## Task requirements
Pictures aside, repeat the whole listing word for word.

## Available data
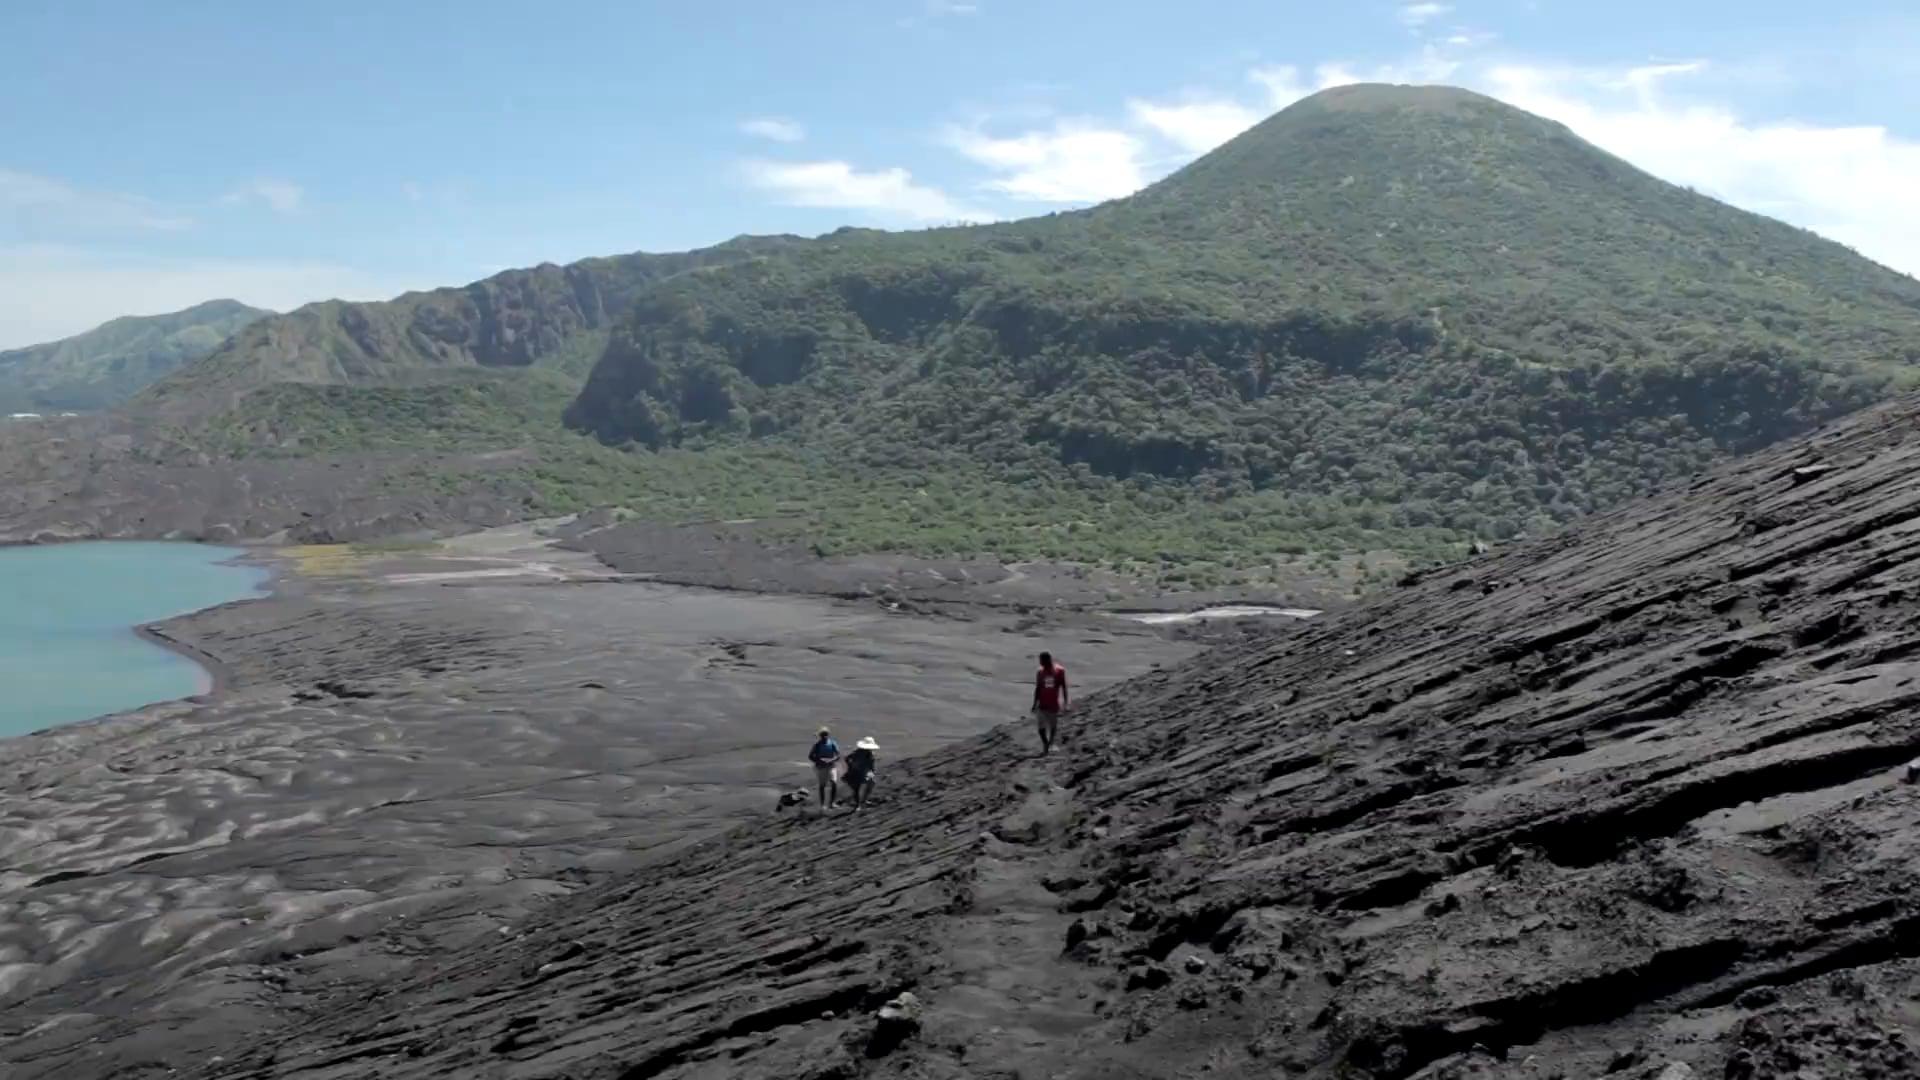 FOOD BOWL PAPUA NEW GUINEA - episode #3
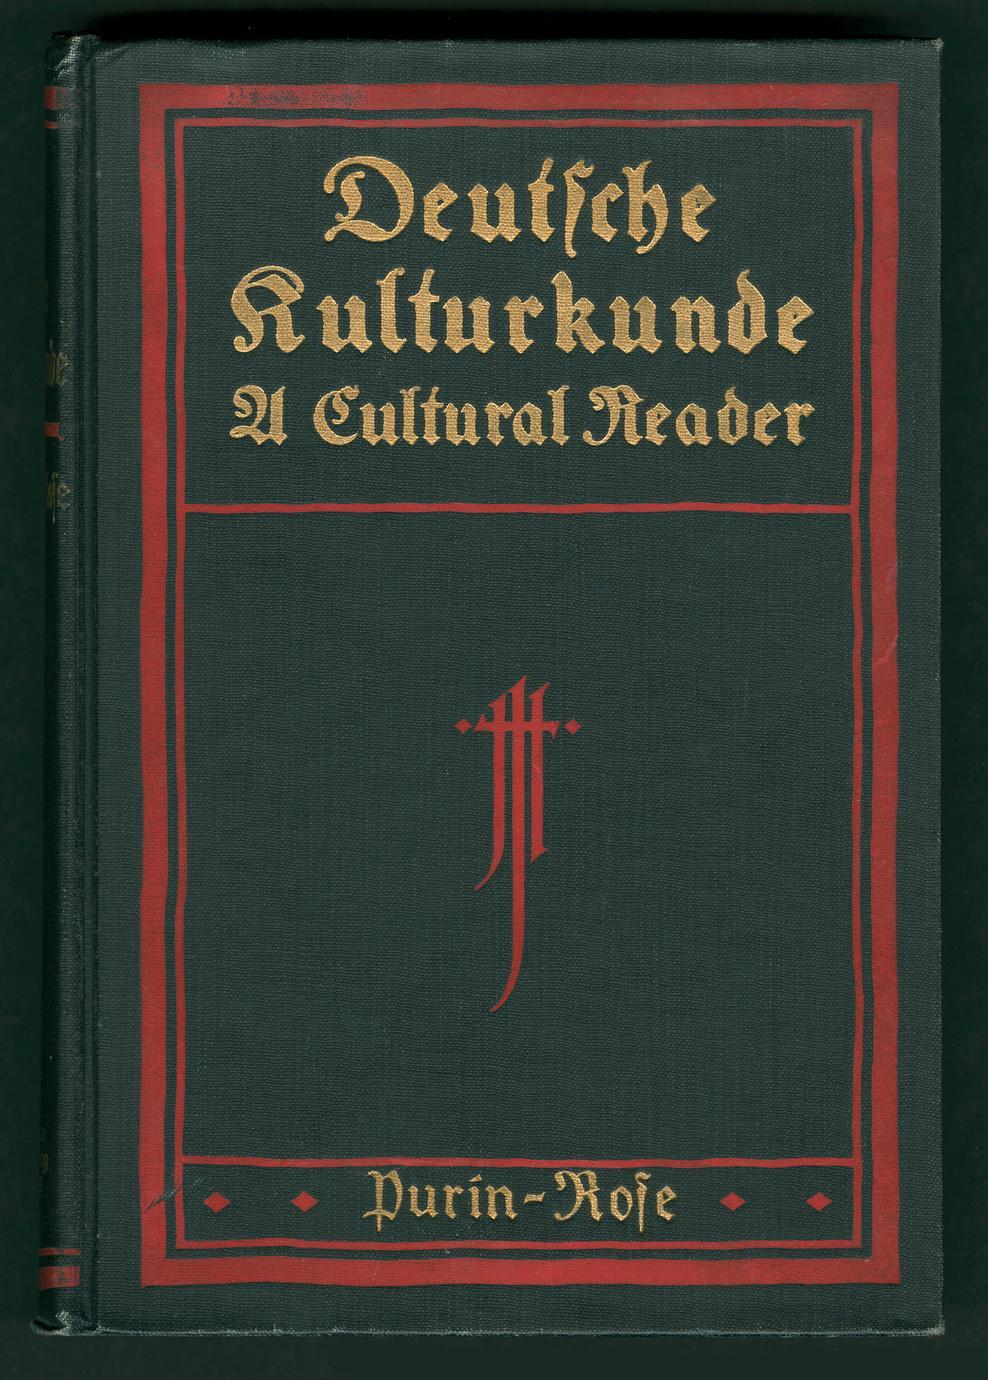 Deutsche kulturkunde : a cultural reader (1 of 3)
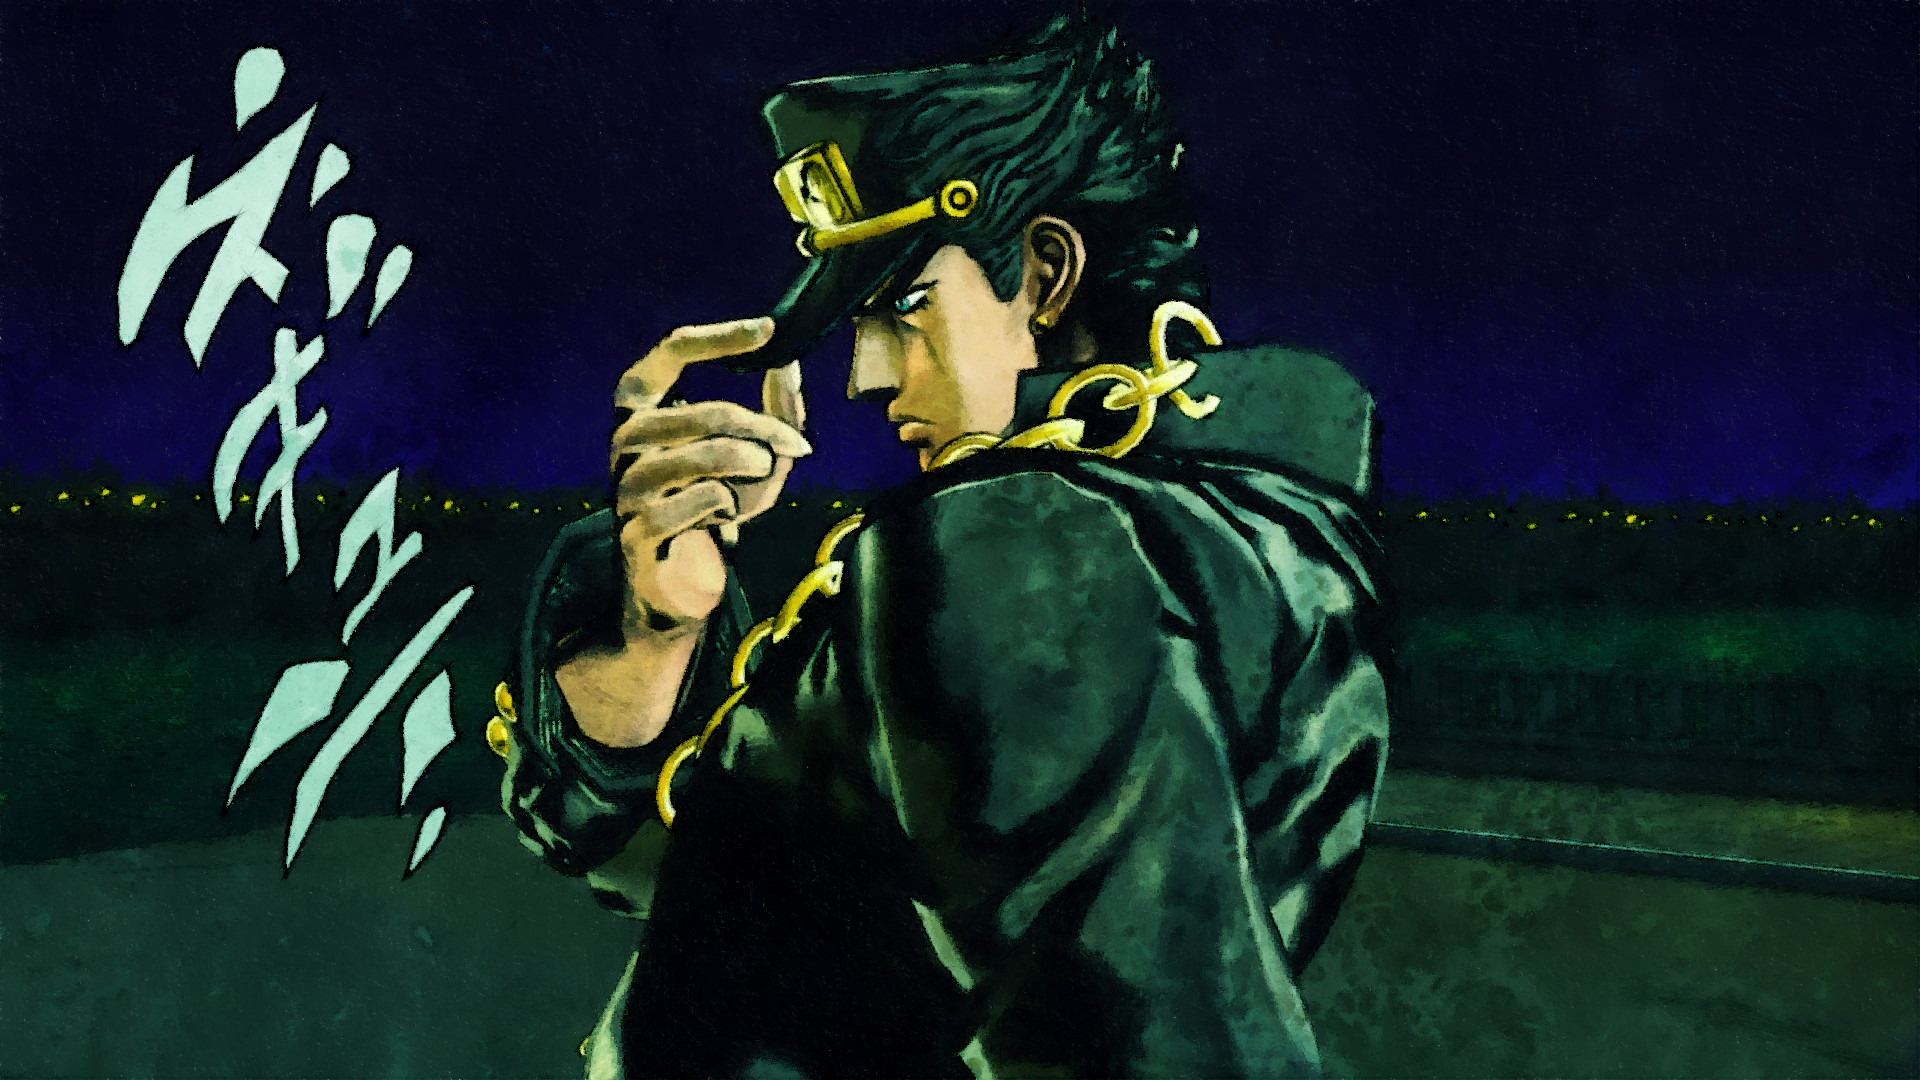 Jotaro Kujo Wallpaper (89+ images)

## Answer below
 FOOD BOWL PAPUA NEW GUINEA - episode #3
 Deutsche kulturkunde : a cultural reader (1 of 3)
 Jotaro Kujo Wallpaper (89+ images)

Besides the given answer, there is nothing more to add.